Eric crouched, began to probe at the wound on his leg, muttering to himself. "We'll cut it off," he said, and Amy turned to stare at him, startled, not certain if she'd heard correctly. Then he was up and pacing once more. The vine had eaten holes in his shirt, almost shredding it. He was covered in his own blood, spattered and dripped and smeared with it. They all looked bad, but he looked the worst.

Jeff was making his torch. He used a tent pole, wrapping duct tape around its bottom for a grip so the aluminum wouldn't grow too hot for him to hold. He knotted some of the archaeologists' clothes around the top-a pair of denim shorts, a cotton T-shirt-tying them tight. Amy couldn't see how it was going to work, but she didn't say anything, was too worn-out to argue about it. If they had to attempt this, she wanted just to do it and get it done.

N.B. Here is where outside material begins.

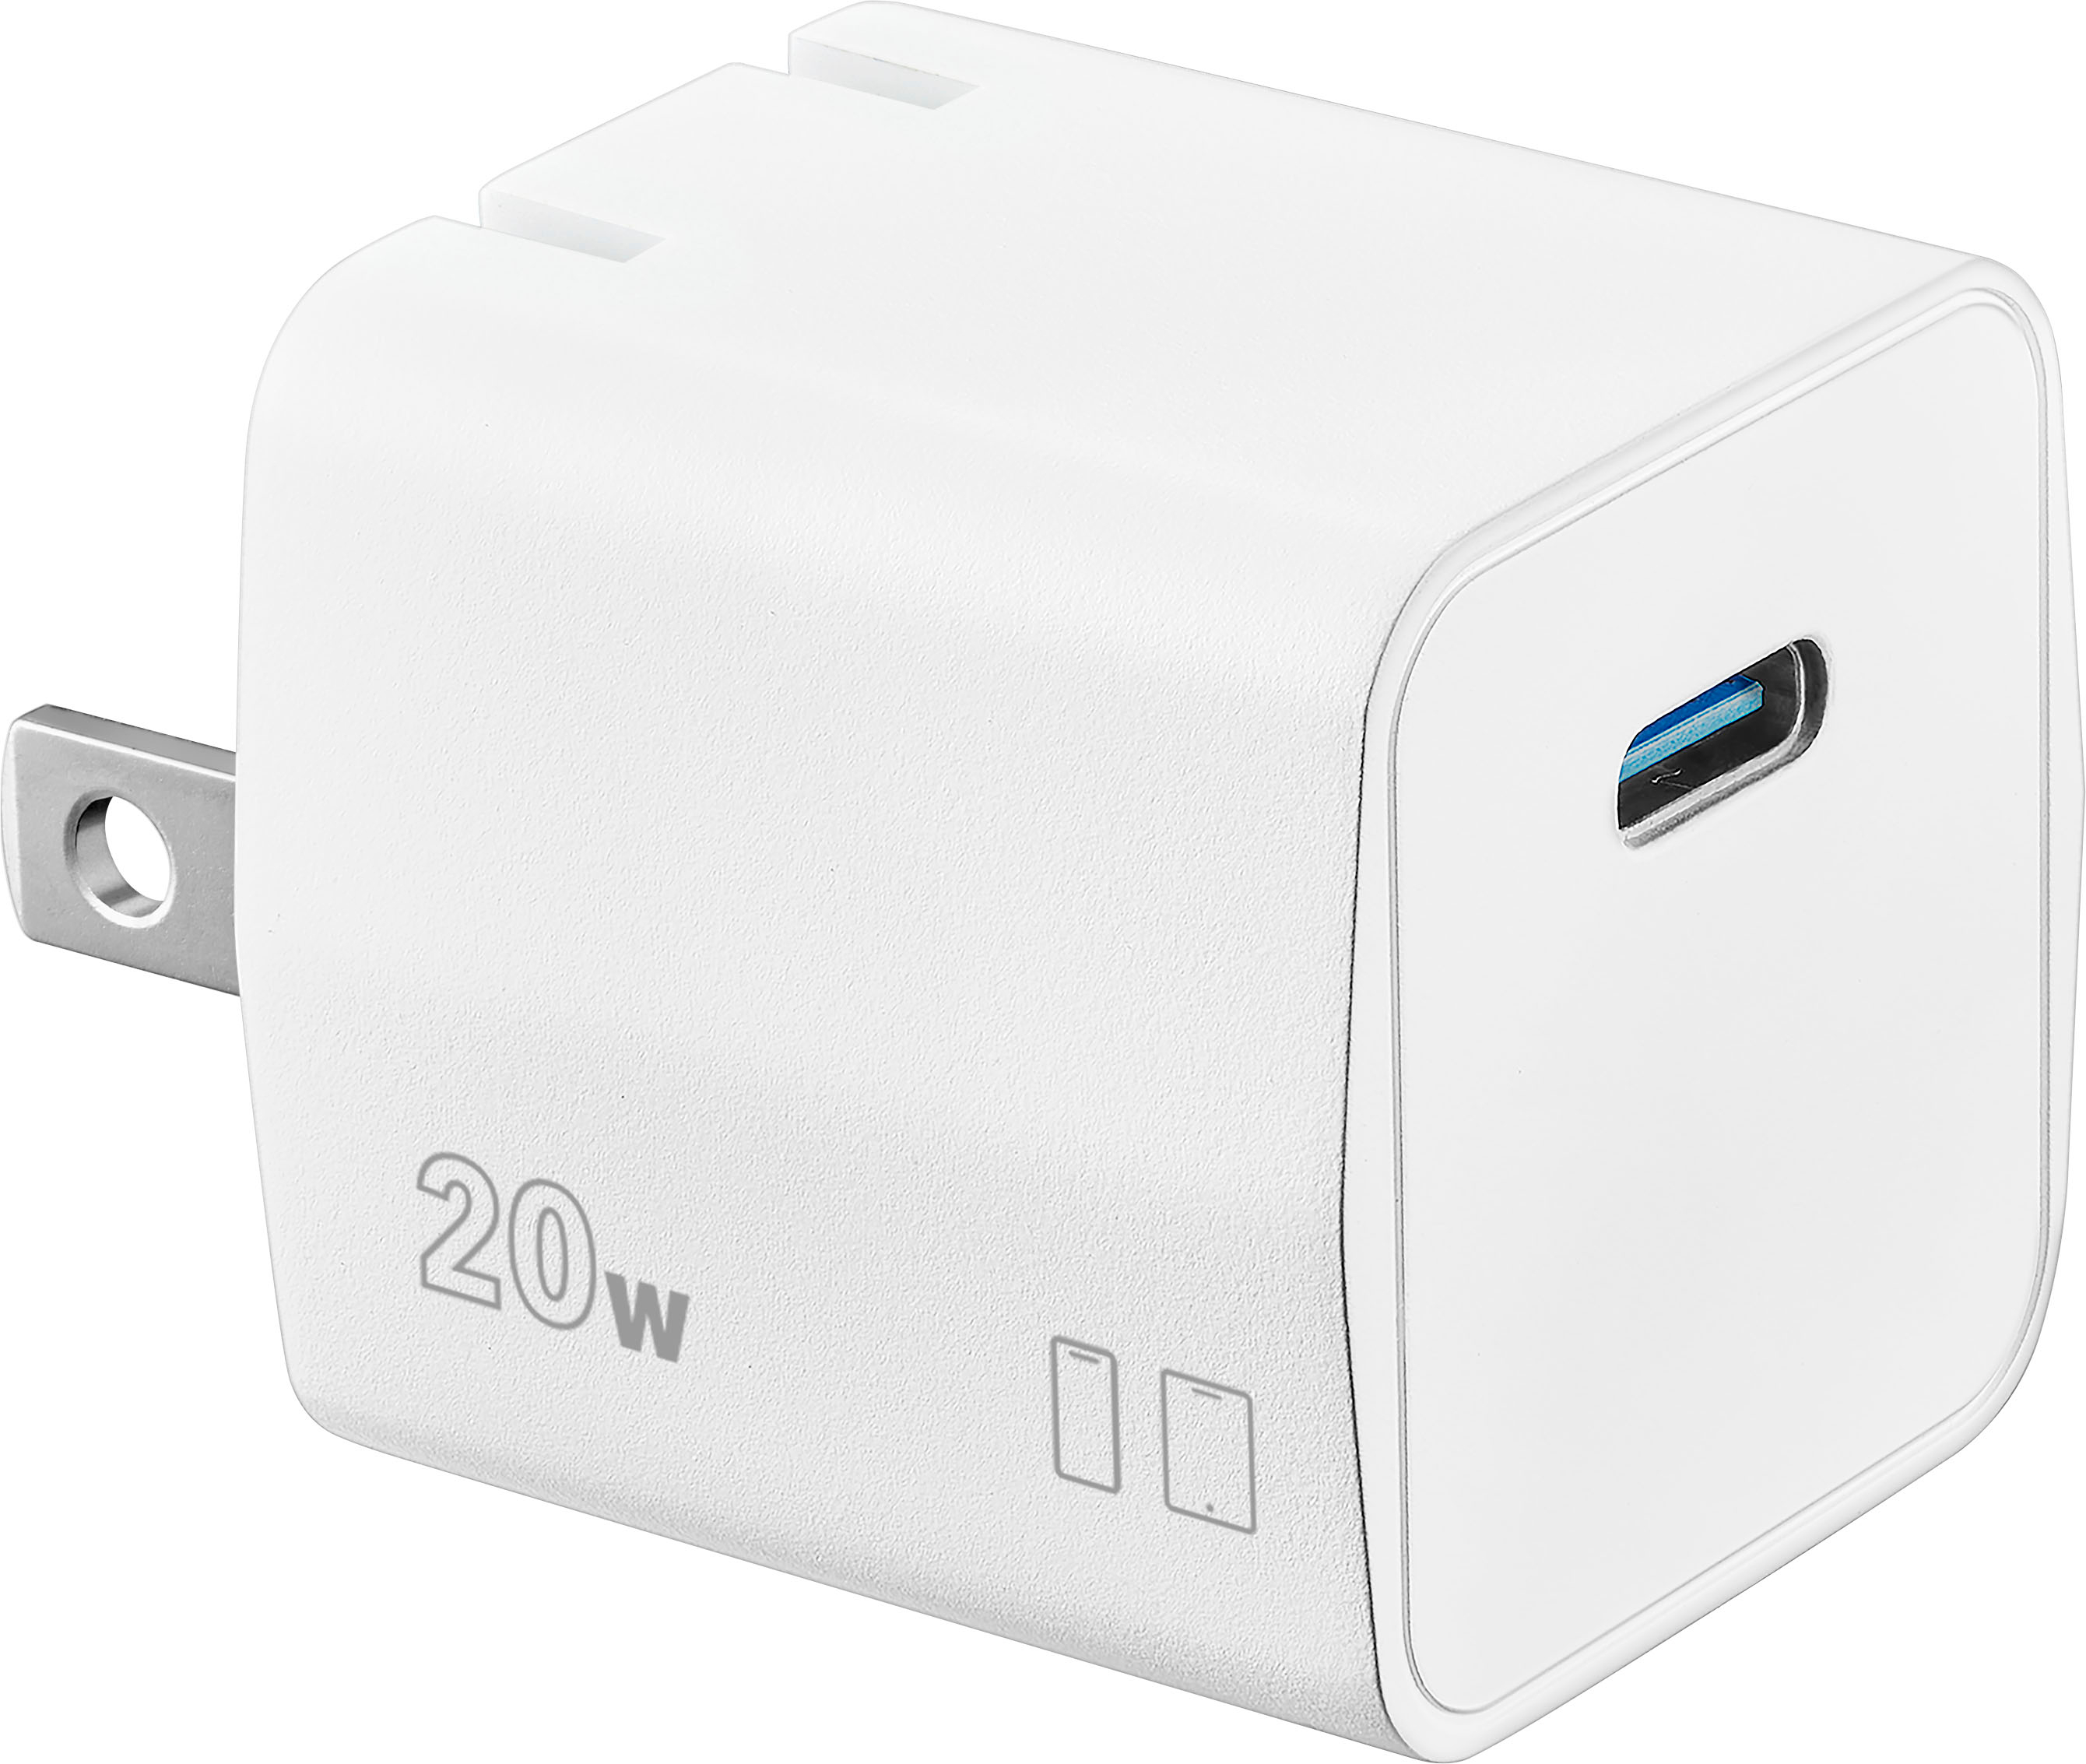 ipad 2 charger - Best Buy

Mathias stood up, wiping his hands on his pants. The rope was fine. They all watched as he carefully wound it back around the windlass. When he was done, Jeff slid the sling over his head, tucking it under his arms. He was holding the box of matches, the already-opened bottle of tequila, his flimsy-looking torch. Mathias and Eric stepped to the windlass, leaning against the hand crank with all their weight. And then, without the slightest hint of hesitation, Jeff stepped into the open air above the shaft. He didn't say anything in parting to Amy; they hadn't talked about a plan. She was supposed to follow him into the hole-that was all she knew. The rest, they'd have to make up once they got down there.